I tried to read a REST API, which is gzip encoded. To be exact, I tried to read the StackExchange API.
I already found the question Automatically Decode GZIP In TRESTResponse?, but that answer doesn't solve my issue for some reason.
Test setup
In XE5, I added a TRestClient, a TRestRequest and a TRestResponse with the following relevant properties. I set the BaseURL of the client, the resource and parameters of the request, and I set AcceptEncoding
of the request to gzip, deflate
, which should make it automatically decode gzipped responses.
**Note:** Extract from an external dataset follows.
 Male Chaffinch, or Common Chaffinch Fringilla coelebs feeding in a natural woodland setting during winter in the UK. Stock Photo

object RESTClient1: TRESTClient
BaseURL = 'https://api.stackexchange.com/2.2'
end
object RESTRequest1: TRESTRequest
AcceptEncoding = 'gzip, deflate'
Client = RESTClient1
Params = <
item
Kind = pkURLSEGMENT
name = 'id'
Options = [poAutoCreated]
Value = '511529'
end
item
name = 'site'
Value = 'stackoverflow'
end>
Resource = 'users/{id}'
Response = RESTResponse1
end
object RESTResponse1: TRESTResponse
end
This results in the url:
https://api.stackexchange.com/2.2/users/511529?site=stackoverflow
I invoke the request like this, with two message boxes to show the url and the outcome of the request:
ShowMessage(RESTRequest1.GetFullRequestURL());
RESTRequest1.Execute; // Actual call
ShowMessage(RESTResponse1.Content);
If I call that url in a browser, I get a proper result, which is a json object with some of my user information in it.
Problem
However, in Delphi, I don't get the JSON response. In fact, I get a bunch of bytes which seems to be a mangled gzip response. I tried to decompress it with TIdCompressorZlib.DecompressGZipStream()
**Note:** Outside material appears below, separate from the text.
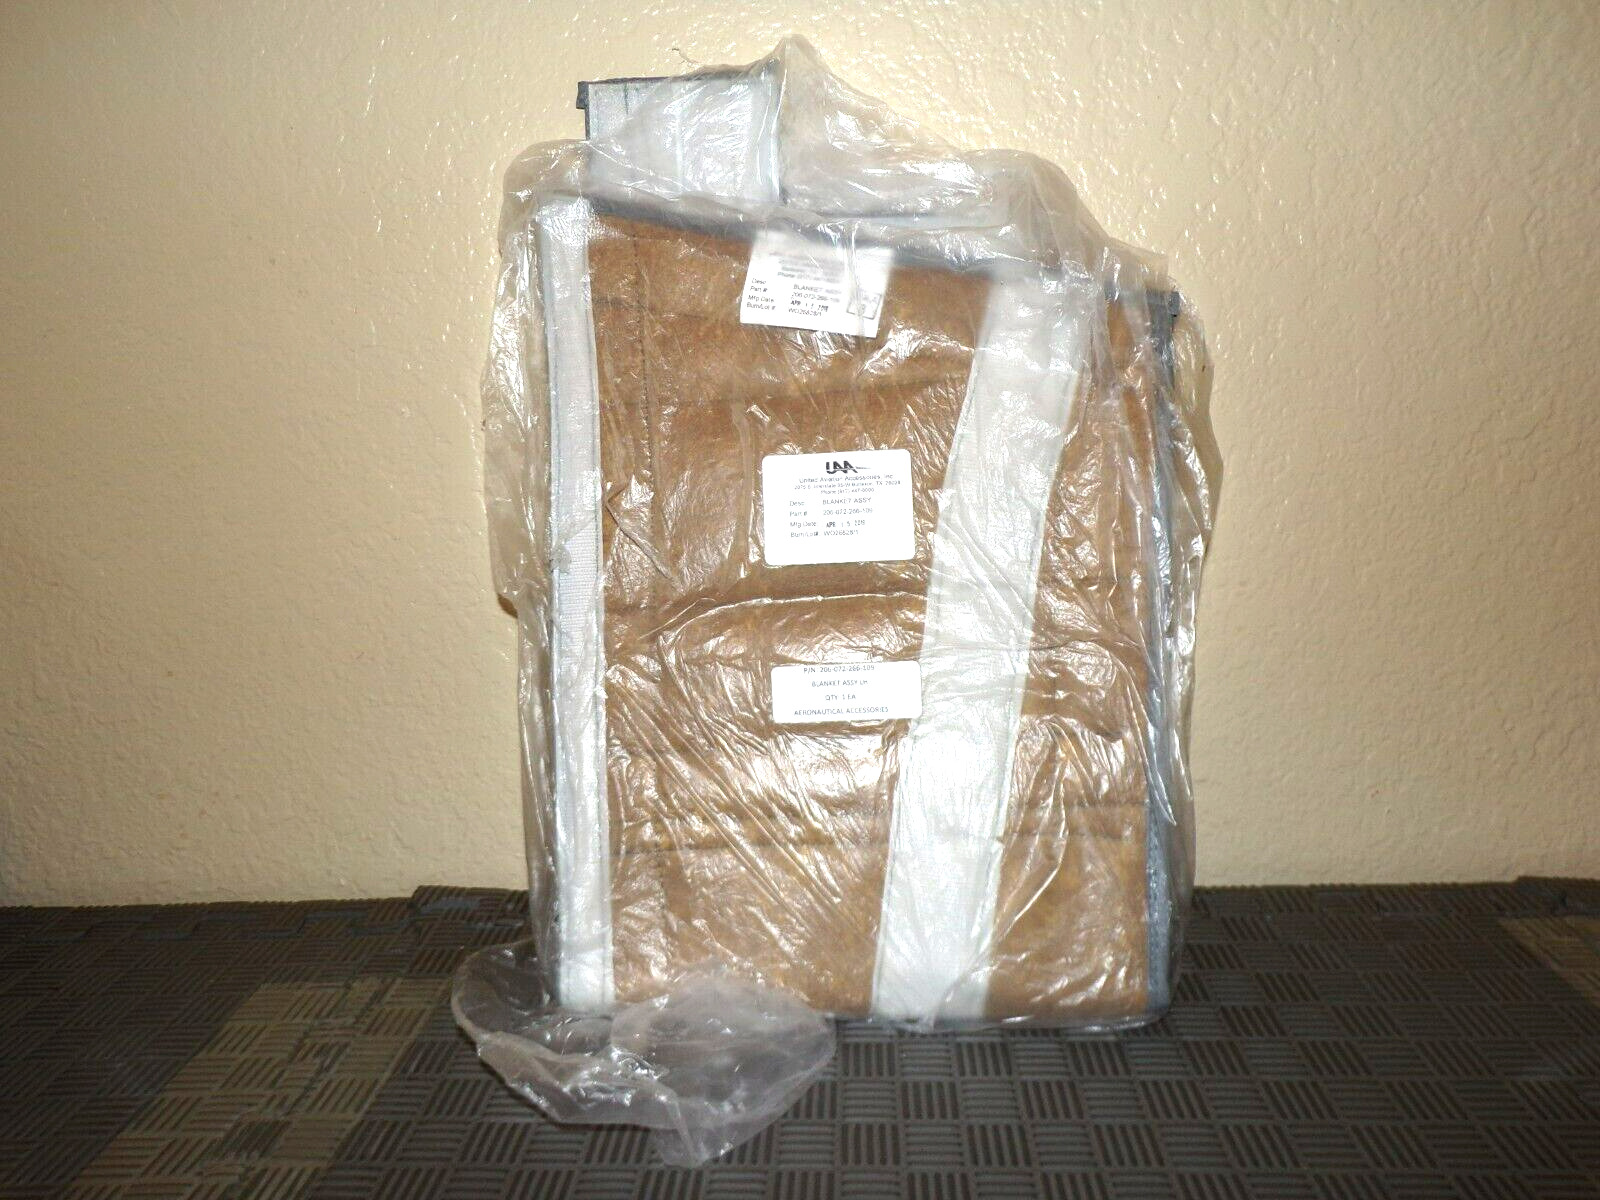 Bell 206 Helicopter Blanket 206-072-266-109

, but it fails with a ZLib Error (-3)
. When I inspect the bytes of the response myself, I see it starts with #1F#3F#08. This is especially weird, since the gzip header should be #1F#8B#08, so #8B is transformed into #3F, which is a question mark.
So it seems to me like the RESTClient has attempted to decode the gzip stream as if it was a UTF-8 response, and has replaced invalid sequences (#8B is in itself not a valid UTF-8 character) with a question mark.
Attempts (superficial)
I've done quite some experimenting, like
Unfortunately it still doesn't work and I still get a mangled response.
Attemps (digging into the VCL)
Eventually, I dug a little deeper, and dove into TRestRequest.Execute. I won't paste all the code here, but eventually it performs the request by calling
FClient.HTTPClient.Get(LURL, LResponseStream);
FClient is the TRESTClient that is linked to the request and LResponseStream is a TMemoryStream. I added LResponseStream.SaveToFile('...')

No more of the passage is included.